4) Reframe Ideas into the Strategic Context

We frequently hear stories from product leaders who are overwhelmed with new ideas from stakeholders. We certainly don’t want to staunch the flow of ideas, but we do need to manage them in order to stay strategically aligned. One of the best ways that to do this is to frame new ideas as hypotheses that need to be tested.  A conversation with your CEO telling you about an idea she wants to pursue can go a little something like this:

“That’s a cool idea…  So the problem we are solving with this idea is XYZ?  Can we test this hypotheses before trading anything off to make sure the impact of solving this problem is bigger than other priorities we are working on?”  This brings the conversation up to a strategic level vs. arguing the merits of a feature or technology.     

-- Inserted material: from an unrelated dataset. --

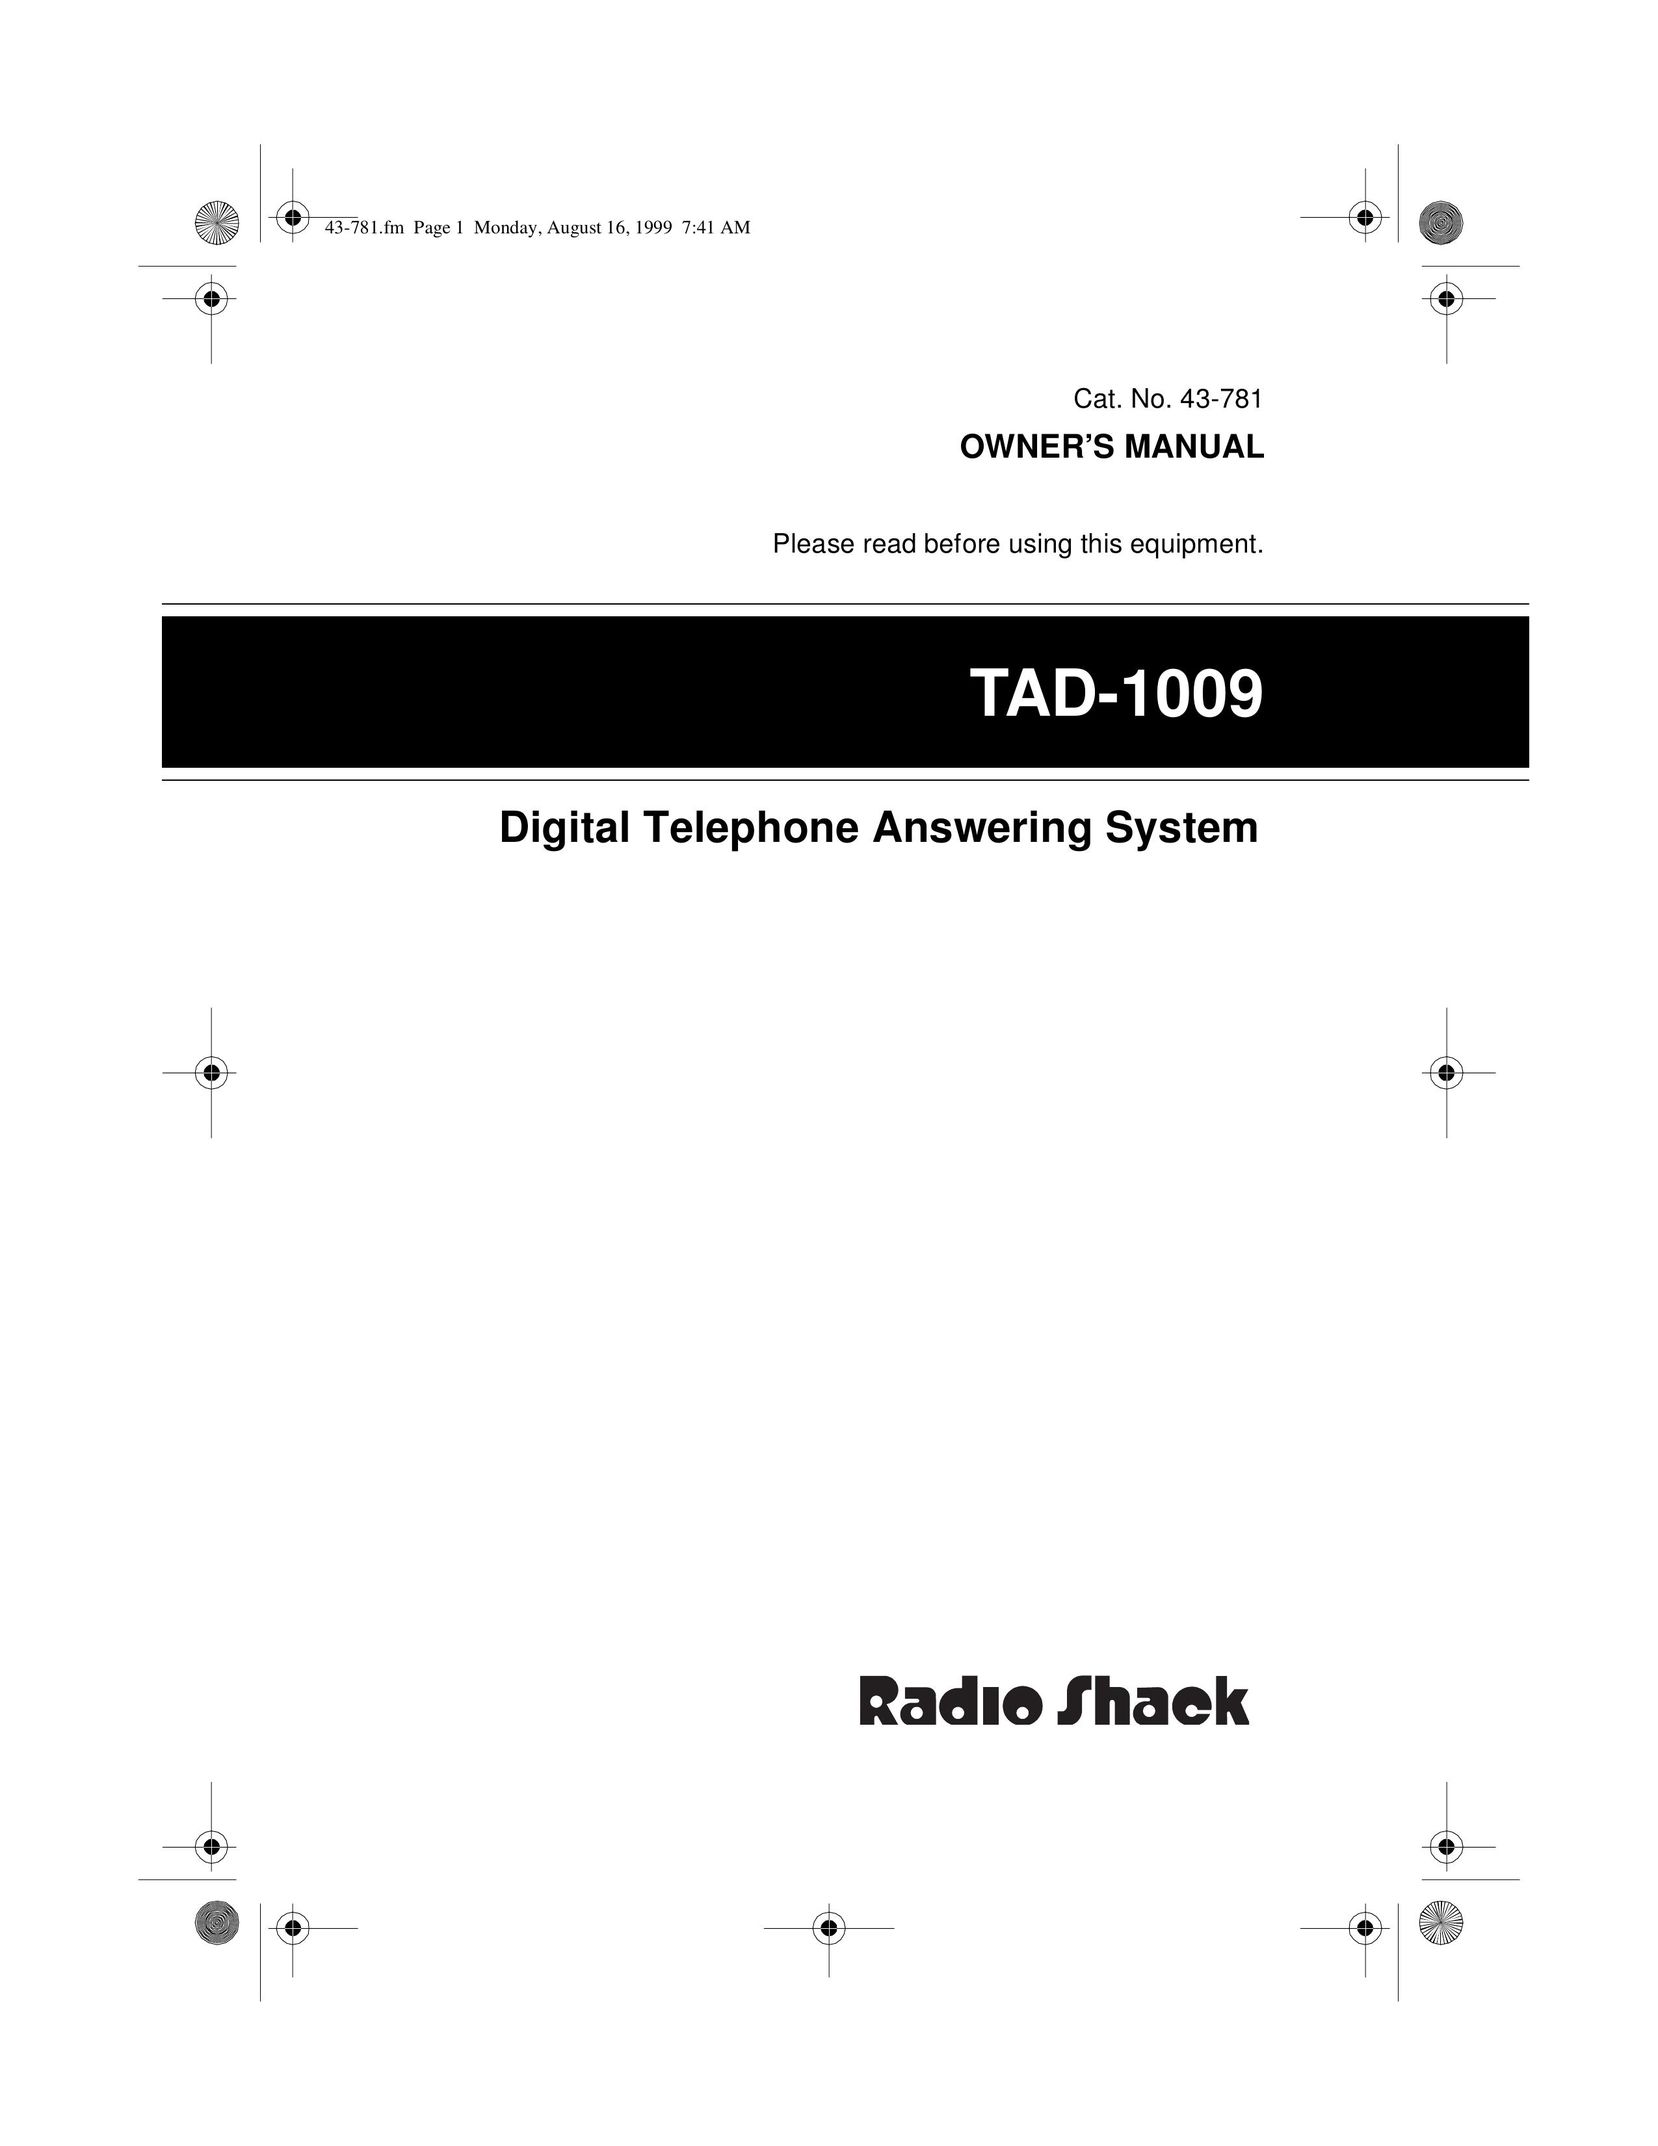 Radio Shack TAD-1009 Answering Machine User Manual

This takes some practice and requires a mindset of viewing ideas as customer problems to be solved (and hypotheses) first, then testing to prove or disprove whether they fit into the strategy or not. BTW testing could be as simple as talking to 5 prospects or customers to better understand the problem and the relative impact solving that problem has on the strategy and outcomes.

The goal is to capture these hypotheses on an ongoing list and prioritize them based on strategic importance and level of risk they create or eliminate. Keeping your stakeholders informed in terms of the prioritization of those hypotheses but also where you are in testing them will help you maintain alignment on the current strategy but also when that strategy may change as a result of your testing.

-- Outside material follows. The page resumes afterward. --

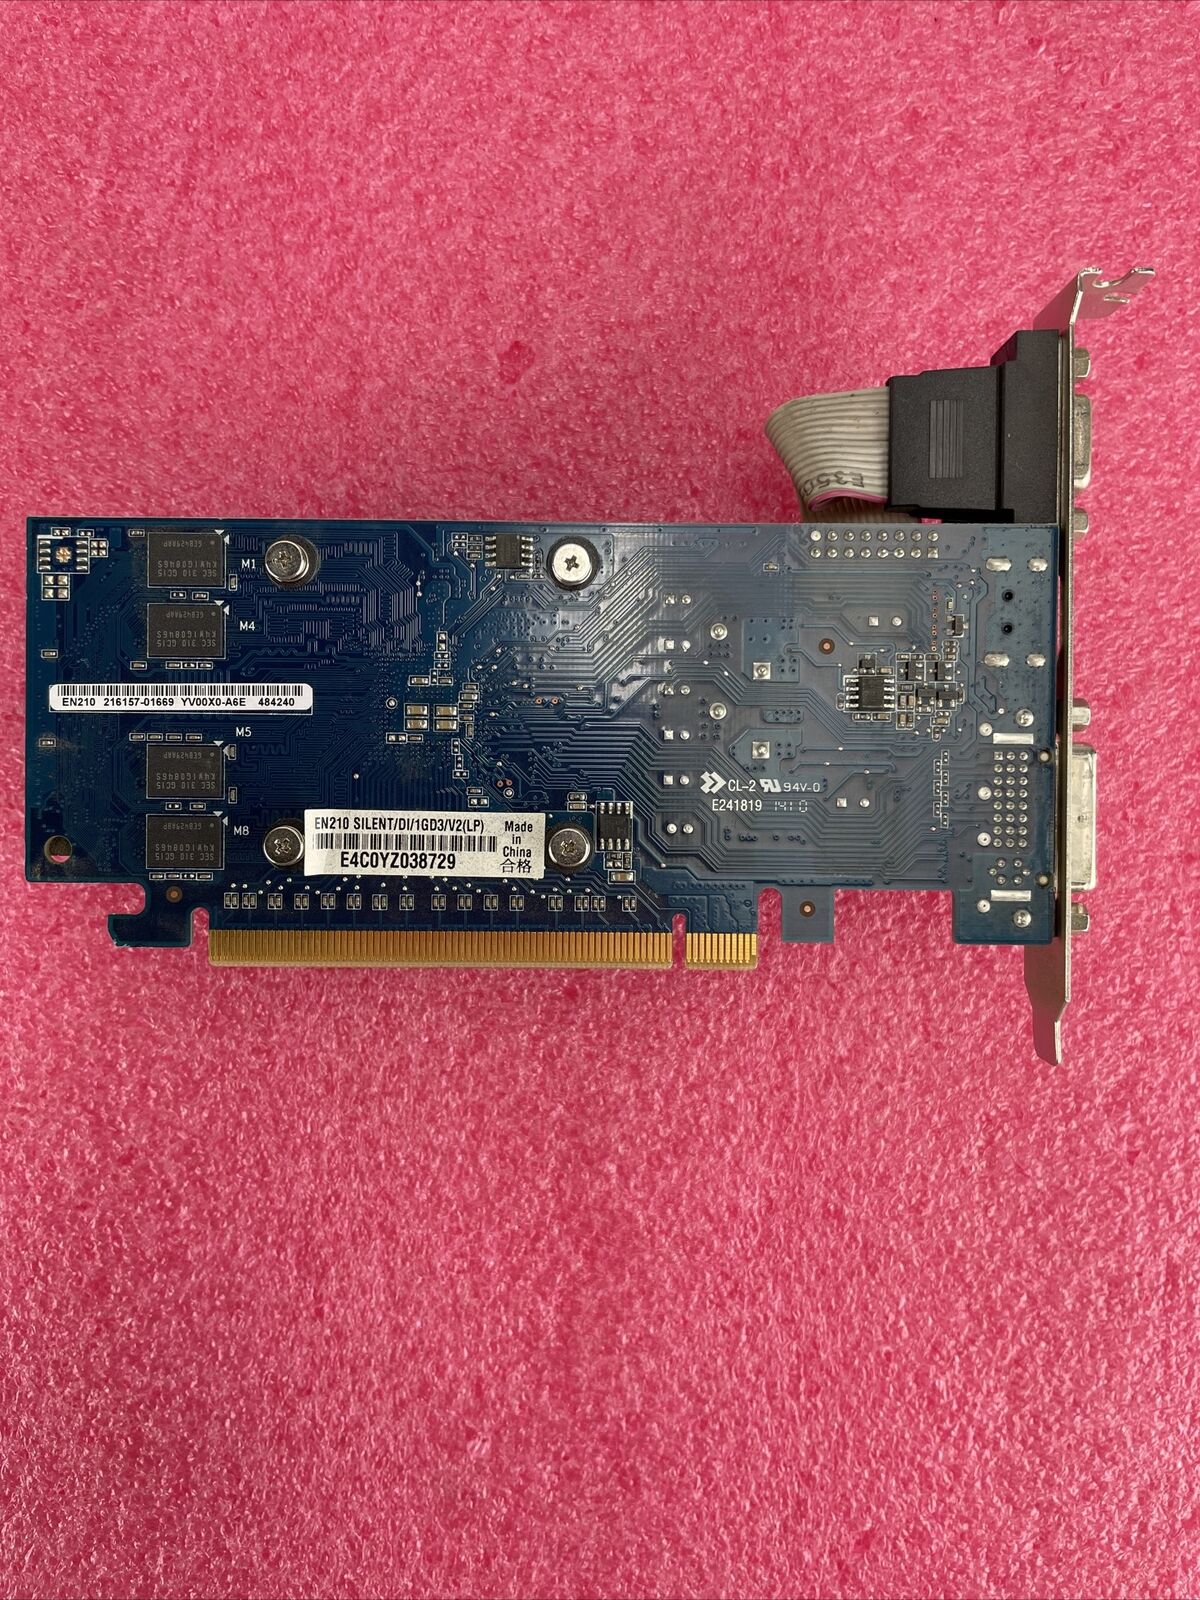 ASUS EN210 Silent/DI/1GD3-V2(LP) PCIe Graphics Card

We’ve found this approach useful on multiple levels: yes, it’s great for teams to focus more on problems to be solved and iterating through product questions, but it’s also helpful to gain alignment on larger hypotheses that impact the product strategy, such as those questioning the business model or the direction of the market. 

Change is Inevitable 

No strategy is impervious to outside factors, new information or new influences that require making adjustments to your strategic direction. In dynamic environments where companies are undergoing fierce competition or regulatory pressure, or trying to launch a new business, strategies may need to evolve.  That being said, we will also be faced with doing things outside of the strategy from time to time.  Our job is to help the leadership team understand the implications of changes to the strategy  (including what needs to be dropped to make it happen) so the company goes into each decision/change with their eyes wide open.

Chances are, if we’re “going early and often” to align with our stakeholders, these changes will not create chaos; rather we’ll be able to pivot quickly and smoothly because we are so tightly bound. And that can be a competitive advantage.

By embracing the “go early and often” principle, we can enhance collaboration, build trust, and maintain alignment with our stakeholders. It takes effort, focused communication and the ability to adapt, but results can be extremely rewarding.